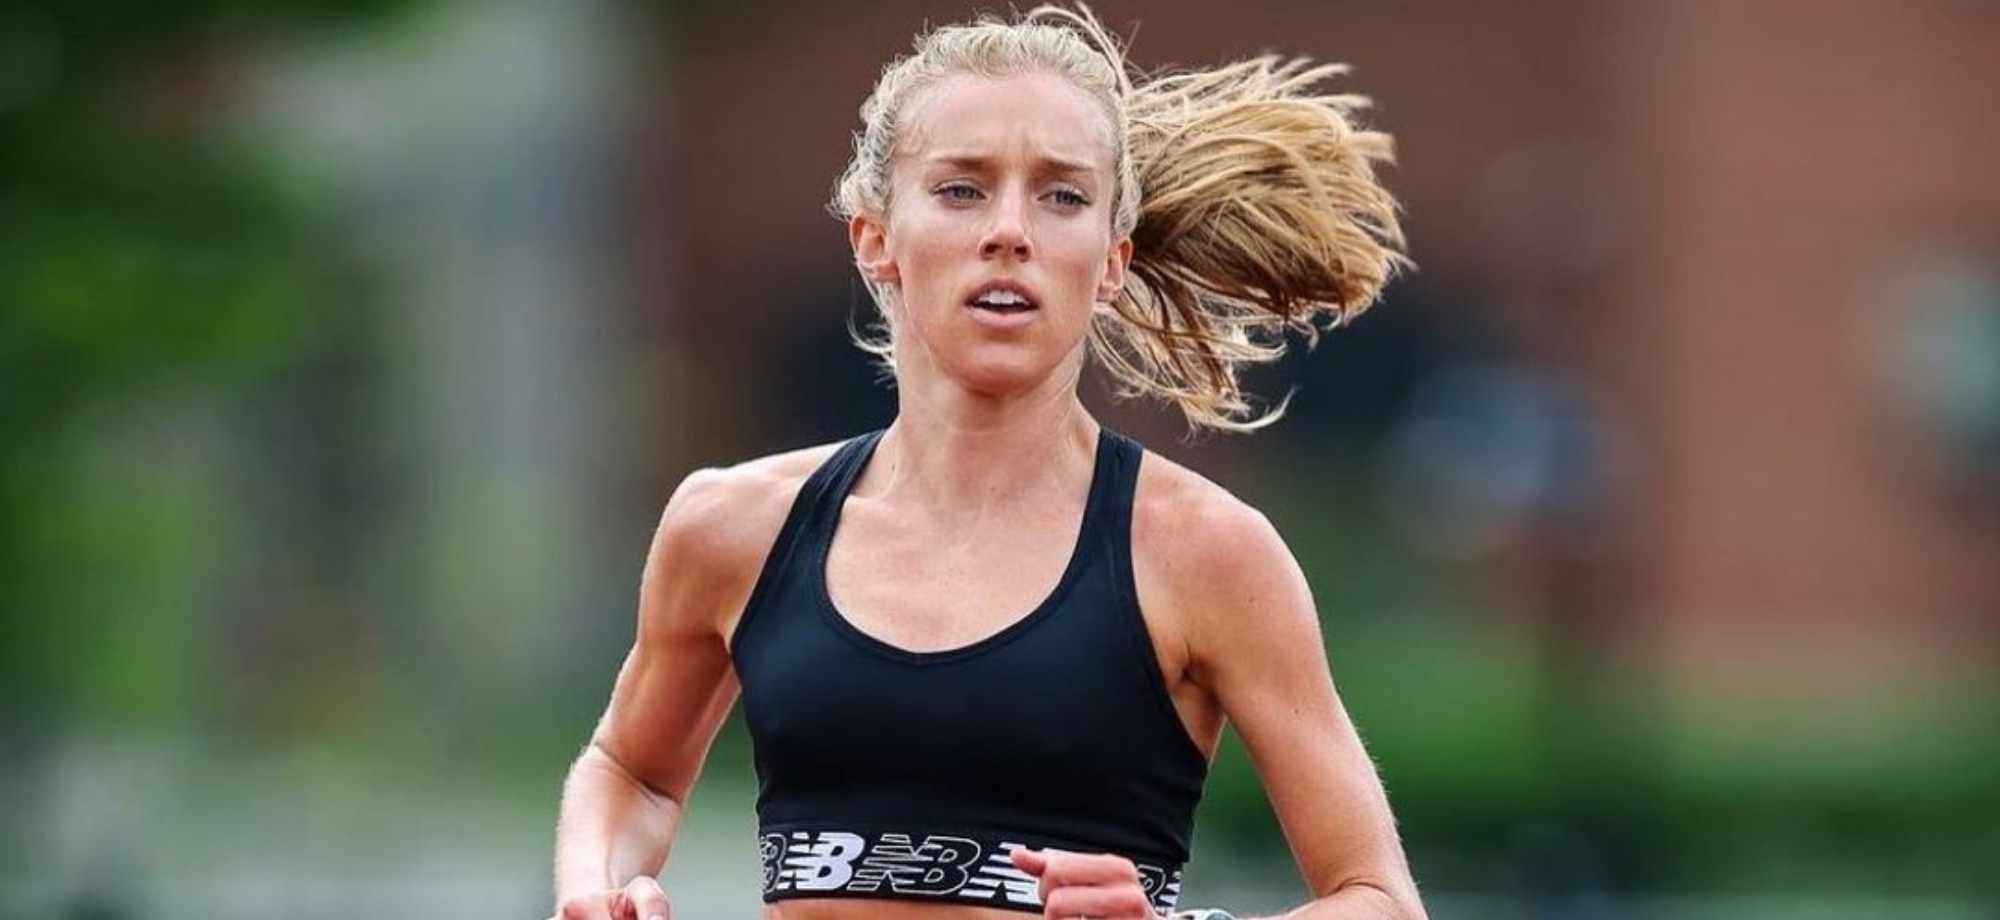 Olympian Emily Sisson on Going the Distance
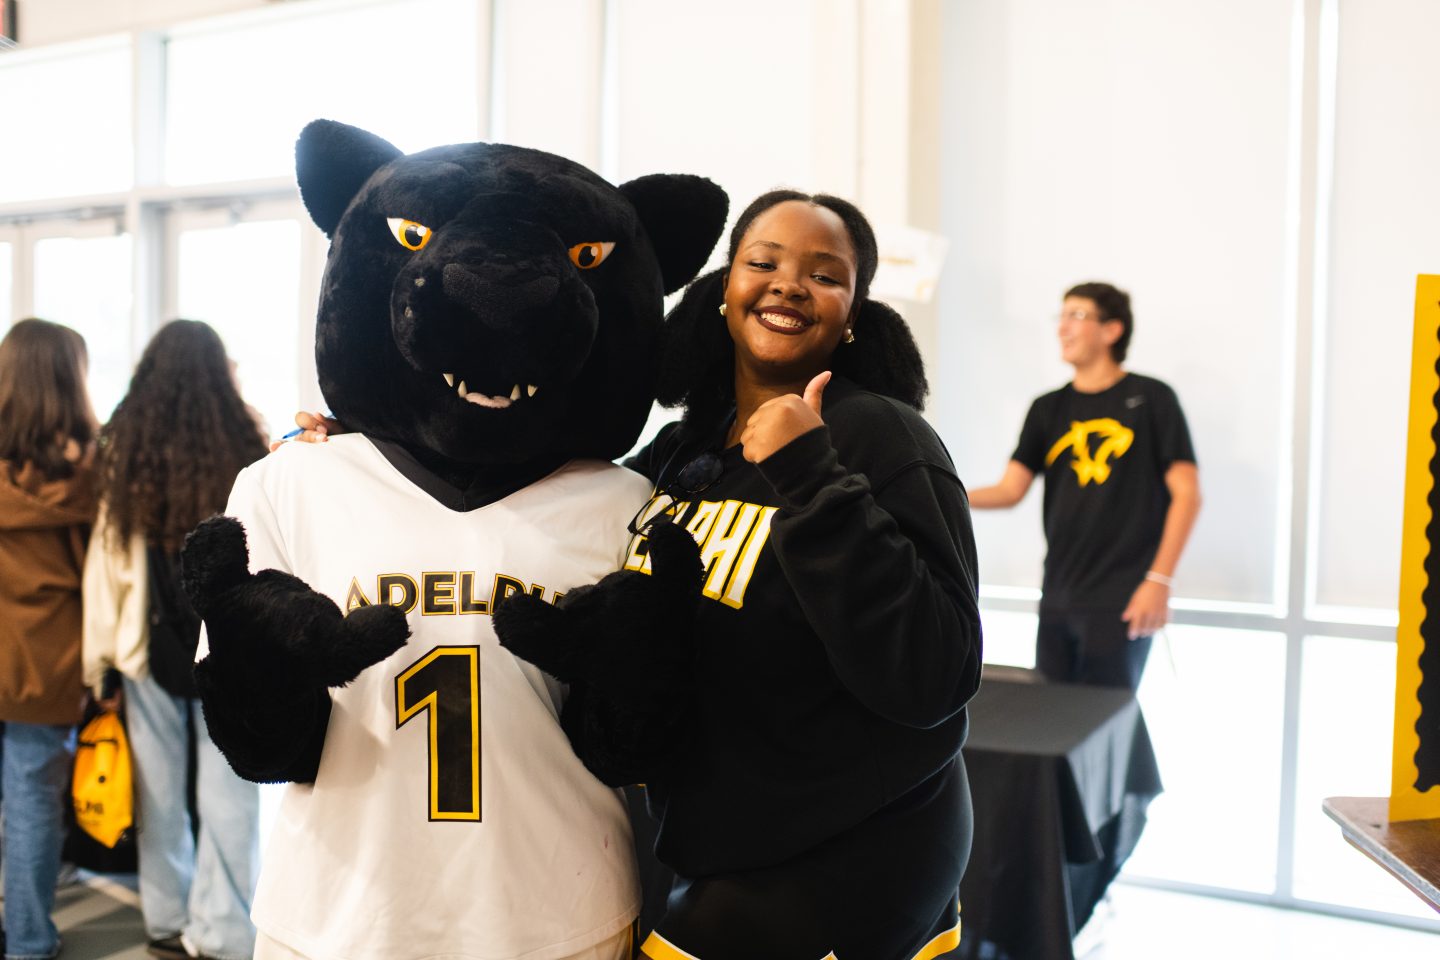 A young woman with a thumbs-up gesture posing with a person in a black panther mascot costume, both are wearing attire with matching colors, indicating team or school spirit.
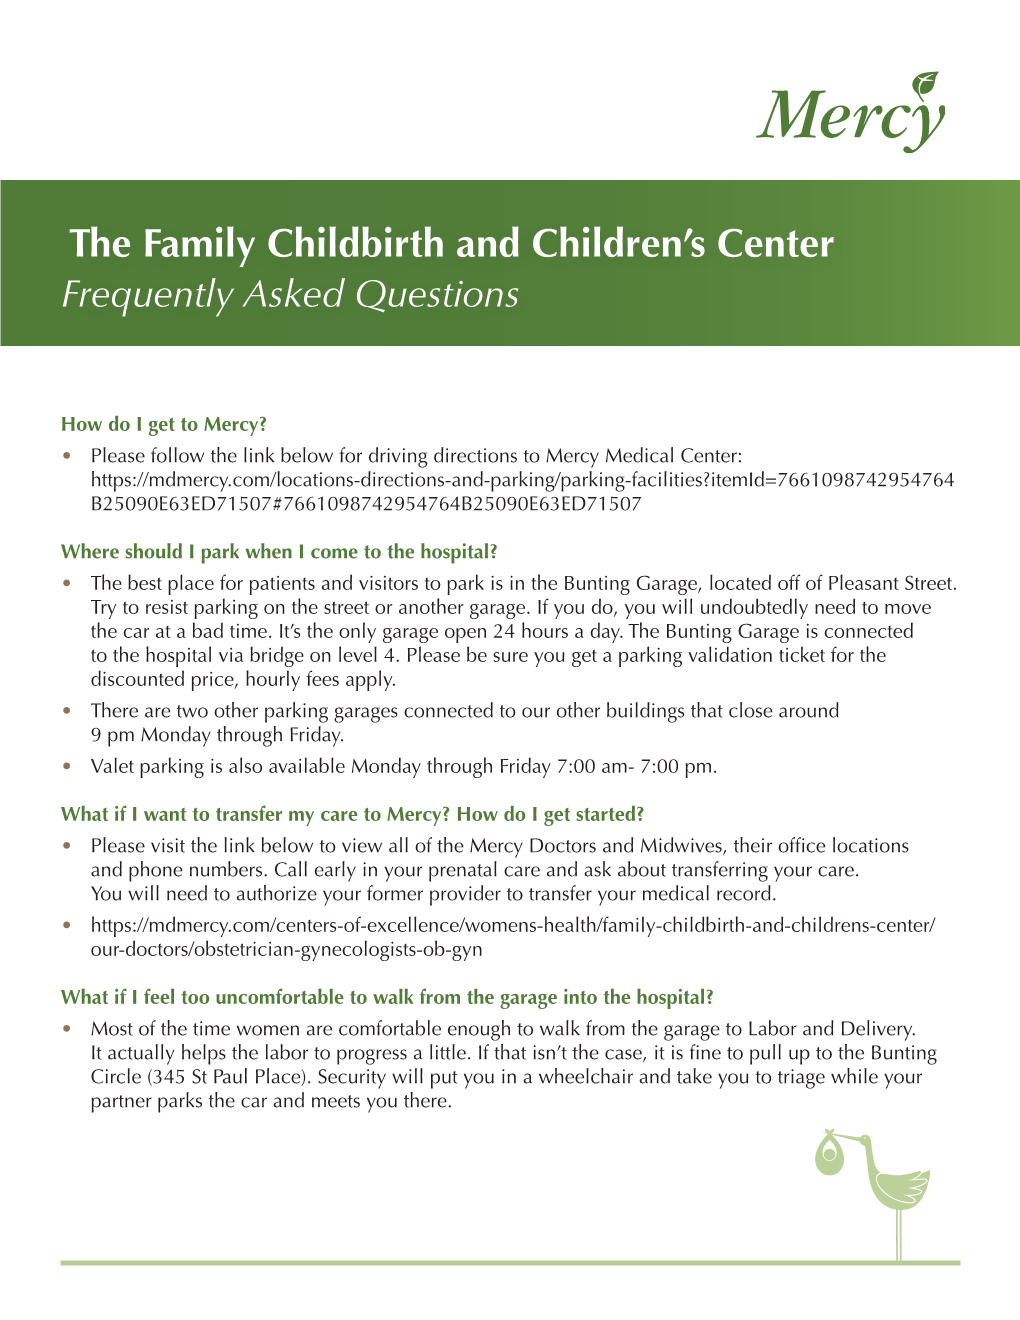 The Family Childbirth and Children's Center
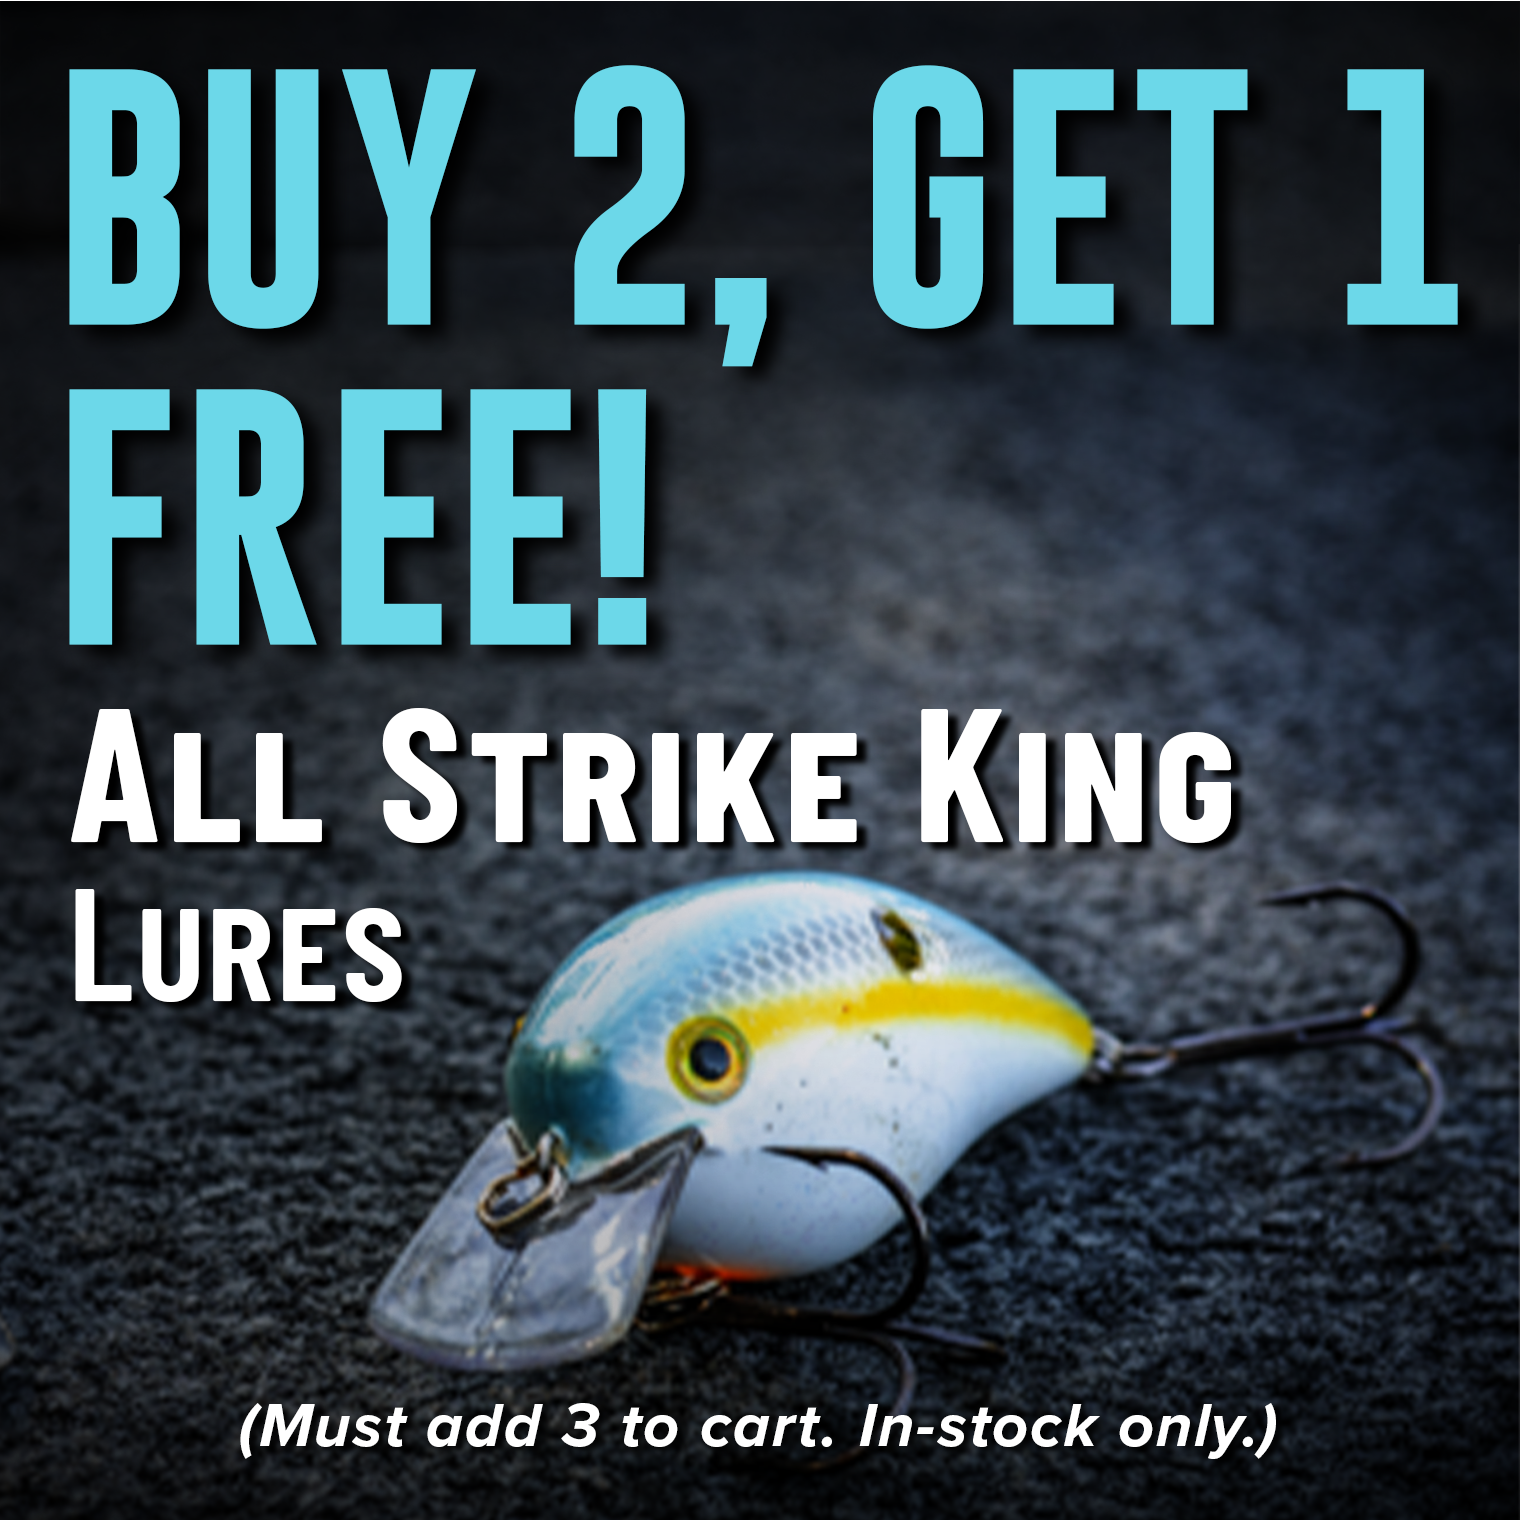 Buy 2, Get 1 Free! All Strike King Lures (Must add 3 to cart. In-stock only.)

§ Task goal
For this exercise, reproduce the data above exactly from the line containing "The Family Childbirth and Children's Center" through its final line, both ends included, with no pictures in the copy.

§ Expected answer
 The Family Childbirth and Children's Center
 Buy 2, Get 1 Free! All Strike King Lures (Must add 3 to cart. In-stock only.)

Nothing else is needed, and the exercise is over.